**Exercise description**
Print the data below exactly, but only the lines from the one containing "All-You-Can-Eat Dessert Bar" down to the one containing "#penthouse #innenarchitektur #interiordesign", inclusive.

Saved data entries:
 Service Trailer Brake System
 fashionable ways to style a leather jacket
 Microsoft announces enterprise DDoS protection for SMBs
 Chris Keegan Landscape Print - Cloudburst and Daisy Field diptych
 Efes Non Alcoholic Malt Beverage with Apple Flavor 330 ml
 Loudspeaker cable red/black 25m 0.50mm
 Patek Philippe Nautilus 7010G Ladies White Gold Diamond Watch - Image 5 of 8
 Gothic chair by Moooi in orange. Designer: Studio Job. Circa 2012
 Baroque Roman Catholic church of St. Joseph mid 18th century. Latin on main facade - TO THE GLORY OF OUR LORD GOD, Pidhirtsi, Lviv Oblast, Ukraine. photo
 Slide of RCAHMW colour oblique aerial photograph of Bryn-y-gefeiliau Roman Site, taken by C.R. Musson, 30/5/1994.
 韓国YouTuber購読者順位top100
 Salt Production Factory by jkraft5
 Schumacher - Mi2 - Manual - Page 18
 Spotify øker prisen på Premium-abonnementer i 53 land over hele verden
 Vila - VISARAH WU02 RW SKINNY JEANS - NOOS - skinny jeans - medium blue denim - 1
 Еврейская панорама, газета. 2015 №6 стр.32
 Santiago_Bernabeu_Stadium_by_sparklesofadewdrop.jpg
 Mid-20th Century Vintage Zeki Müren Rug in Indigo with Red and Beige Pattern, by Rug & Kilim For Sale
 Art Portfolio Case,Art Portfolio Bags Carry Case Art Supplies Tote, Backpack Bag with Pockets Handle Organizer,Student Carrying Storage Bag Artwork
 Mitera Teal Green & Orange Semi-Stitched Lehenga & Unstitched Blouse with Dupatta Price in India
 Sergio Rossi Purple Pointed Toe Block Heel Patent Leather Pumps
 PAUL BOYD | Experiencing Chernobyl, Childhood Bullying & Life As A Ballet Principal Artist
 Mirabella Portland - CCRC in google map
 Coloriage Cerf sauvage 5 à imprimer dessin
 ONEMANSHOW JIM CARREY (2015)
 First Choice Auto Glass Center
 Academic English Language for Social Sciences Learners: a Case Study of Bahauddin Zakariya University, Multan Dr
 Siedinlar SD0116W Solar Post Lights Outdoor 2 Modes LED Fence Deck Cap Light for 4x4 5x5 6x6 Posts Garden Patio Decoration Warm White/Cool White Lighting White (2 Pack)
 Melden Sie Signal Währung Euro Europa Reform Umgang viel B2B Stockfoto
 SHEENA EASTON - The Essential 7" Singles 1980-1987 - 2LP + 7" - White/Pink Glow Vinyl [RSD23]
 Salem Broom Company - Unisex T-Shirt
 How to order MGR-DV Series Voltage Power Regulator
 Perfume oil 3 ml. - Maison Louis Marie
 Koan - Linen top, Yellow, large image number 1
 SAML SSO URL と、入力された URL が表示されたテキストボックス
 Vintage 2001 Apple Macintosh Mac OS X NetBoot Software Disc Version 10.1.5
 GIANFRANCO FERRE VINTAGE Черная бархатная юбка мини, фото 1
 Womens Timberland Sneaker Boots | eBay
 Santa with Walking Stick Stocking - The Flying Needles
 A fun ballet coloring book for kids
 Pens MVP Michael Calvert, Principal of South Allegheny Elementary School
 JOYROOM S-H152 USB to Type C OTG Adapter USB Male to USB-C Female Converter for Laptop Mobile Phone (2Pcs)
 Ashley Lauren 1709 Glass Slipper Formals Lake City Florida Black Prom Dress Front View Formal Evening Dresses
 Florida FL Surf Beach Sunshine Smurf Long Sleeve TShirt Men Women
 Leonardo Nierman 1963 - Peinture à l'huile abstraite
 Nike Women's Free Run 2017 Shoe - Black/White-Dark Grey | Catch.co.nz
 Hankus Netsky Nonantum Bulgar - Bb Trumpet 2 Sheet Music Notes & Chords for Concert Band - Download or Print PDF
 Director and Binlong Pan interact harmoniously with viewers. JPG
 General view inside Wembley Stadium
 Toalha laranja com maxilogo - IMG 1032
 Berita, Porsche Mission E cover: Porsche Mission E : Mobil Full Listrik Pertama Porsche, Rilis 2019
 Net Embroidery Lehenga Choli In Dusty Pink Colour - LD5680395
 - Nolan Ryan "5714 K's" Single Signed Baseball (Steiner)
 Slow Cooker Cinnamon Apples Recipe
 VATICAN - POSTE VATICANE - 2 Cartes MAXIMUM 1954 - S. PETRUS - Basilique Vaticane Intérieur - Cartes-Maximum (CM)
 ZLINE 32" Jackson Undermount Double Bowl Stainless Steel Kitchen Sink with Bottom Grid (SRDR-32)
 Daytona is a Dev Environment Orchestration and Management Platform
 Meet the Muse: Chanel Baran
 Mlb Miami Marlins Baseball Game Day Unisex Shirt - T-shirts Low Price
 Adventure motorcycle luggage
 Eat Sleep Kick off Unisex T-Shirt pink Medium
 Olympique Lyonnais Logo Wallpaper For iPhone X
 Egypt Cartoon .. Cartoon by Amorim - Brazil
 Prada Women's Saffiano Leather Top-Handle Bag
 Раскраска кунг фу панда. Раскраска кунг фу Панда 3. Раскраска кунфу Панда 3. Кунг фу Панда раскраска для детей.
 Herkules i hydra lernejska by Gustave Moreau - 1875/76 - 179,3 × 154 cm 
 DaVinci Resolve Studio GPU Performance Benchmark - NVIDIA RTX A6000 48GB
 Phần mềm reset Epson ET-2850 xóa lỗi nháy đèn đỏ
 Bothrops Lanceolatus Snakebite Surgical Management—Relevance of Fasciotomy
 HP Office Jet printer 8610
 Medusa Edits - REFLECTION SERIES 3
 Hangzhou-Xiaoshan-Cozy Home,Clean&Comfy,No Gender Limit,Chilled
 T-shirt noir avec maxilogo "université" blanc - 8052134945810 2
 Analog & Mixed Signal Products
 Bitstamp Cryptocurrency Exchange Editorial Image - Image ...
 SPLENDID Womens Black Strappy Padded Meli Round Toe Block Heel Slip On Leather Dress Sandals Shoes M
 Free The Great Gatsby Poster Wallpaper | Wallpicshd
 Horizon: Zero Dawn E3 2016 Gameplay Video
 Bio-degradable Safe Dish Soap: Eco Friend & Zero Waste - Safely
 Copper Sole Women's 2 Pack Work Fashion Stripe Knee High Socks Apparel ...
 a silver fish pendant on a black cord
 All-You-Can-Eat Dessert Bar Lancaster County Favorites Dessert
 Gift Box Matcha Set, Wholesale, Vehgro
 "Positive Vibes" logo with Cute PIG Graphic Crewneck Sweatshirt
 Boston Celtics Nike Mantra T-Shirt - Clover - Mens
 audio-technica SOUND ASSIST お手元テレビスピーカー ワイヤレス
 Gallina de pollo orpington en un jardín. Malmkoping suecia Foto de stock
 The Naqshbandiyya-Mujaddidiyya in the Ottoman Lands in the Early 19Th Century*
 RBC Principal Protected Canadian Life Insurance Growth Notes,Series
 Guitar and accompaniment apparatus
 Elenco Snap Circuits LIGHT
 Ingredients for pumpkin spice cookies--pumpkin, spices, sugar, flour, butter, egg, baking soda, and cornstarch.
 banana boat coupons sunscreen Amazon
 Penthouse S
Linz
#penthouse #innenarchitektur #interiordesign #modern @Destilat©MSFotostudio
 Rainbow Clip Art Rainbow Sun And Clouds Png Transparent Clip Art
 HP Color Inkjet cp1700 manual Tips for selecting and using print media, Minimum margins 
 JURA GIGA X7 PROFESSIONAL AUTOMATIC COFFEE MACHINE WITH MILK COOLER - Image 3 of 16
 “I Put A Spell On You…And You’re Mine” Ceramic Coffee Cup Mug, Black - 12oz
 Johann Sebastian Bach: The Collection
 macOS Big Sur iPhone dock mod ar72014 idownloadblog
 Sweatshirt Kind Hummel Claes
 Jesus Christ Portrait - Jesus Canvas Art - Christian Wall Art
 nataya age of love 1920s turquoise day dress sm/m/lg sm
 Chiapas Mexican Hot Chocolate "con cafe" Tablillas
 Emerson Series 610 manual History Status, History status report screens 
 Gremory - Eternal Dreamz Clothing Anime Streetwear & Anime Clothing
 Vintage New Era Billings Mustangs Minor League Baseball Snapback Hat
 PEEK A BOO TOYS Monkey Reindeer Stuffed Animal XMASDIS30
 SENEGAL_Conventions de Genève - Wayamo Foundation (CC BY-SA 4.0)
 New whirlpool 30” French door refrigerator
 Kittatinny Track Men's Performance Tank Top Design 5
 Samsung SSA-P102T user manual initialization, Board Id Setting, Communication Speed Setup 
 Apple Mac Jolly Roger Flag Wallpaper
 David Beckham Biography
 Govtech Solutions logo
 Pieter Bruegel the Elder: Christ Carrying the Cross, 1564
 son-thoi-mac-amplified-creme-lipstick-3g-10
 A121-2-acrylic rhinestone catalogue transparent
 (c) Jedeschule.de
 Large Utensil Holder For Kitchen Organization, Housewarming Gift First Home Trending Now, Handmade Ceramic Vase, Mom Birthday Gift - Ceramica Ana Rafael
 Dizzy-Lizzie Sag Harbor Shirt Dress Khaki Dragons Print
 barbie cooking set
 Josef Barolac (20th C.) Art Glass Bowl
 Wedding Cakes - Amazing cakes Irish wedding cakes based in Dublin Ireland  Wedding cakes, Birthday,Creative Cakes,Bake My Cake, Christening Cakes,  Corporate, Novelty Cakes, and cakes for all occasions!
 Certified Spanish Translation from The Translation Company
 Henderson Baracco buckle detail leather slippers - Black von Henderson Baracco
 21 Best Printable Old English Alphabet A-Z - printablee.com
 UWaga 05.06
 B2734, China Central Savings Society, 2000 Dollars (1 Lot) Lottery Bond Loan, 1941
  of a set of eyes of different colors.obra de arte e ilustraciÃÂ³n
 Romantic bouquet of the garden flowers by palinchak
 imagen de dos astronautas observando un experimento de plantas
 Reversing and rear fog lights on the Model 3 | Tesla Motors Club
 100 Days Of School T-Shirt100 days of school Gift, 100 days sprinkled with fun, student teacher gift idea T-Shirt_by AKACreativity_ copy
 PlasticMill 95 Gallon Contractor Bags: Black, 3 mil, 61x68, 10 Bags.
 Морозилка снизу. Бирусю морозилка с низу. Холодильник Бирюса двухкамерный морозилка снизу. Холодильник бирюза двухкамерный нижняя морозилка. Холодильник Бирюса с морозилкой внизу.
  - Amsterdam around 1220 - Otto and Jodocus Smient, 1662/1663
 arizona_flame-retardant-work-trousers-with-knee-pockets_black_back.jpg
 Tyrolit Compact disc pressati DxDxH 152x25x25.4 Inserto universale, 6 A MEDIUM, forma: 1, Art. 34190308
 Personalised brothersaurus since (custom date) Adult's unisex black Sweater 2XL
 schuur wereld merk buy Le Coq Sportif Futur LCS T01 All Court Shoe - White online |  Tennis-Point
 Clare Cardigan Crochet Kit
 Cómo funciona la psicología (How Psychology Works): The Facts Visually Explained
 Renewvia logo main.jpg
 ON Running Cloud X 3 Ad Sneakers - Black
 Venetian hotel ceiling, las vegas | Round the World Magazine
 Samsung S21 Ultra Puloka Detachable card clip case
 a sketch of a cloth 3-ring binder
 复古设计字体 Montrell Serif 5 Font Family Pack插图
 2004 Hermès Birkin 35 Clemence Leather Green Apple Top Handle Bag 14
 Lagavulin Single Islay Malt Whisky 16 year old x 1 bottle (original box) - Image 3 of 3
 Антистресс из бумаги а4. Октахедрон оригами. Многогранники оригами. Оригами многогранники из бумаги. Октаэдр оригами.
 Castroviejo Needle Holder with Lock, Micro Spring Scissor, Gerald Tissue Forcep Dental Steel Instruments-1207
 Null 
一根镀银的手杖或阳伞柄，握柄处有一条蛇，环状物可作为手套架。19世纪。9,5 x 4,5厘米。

**Task answer**
 All-You-Can-Eat Dessert Bar Lancaster County Favorites Dessert
 Gift Box Matcha Set, Wholesale, Vehgro
 "Positive Vibes" logo with Cute PIG Graphic Crewneck Sweatshirt
 Boston Celtics Nike Mantra T-Shirt - Clover - Mens
 audio-technica SOUND ASSIST お手元テレビスピーカー ワイヤレス
 Gallina de pollo orpington en un jardín. Malmkoping suecia Foto de stock
 The Naqshbandiyya-Mujaddidiyya in the Ottoman Lands in the Early 19Th Century*
 RBC Principal Protected Canadian Life Insurance Growth Notes,Series
 Guitar and accompaniment apparatus
 Elenco Snap Circuits LIGHT
 Ingredients for pumpkin spice cookies--pumpkin, spices, sugar, flour, butter, egg, baking soda, and cornstarch.
 banana boat coupons sunscreen Amazon
 Penthouse S
Linz
#penthouse #innenarchitektur #interiordesign #modern @Destilat©MSFotostudio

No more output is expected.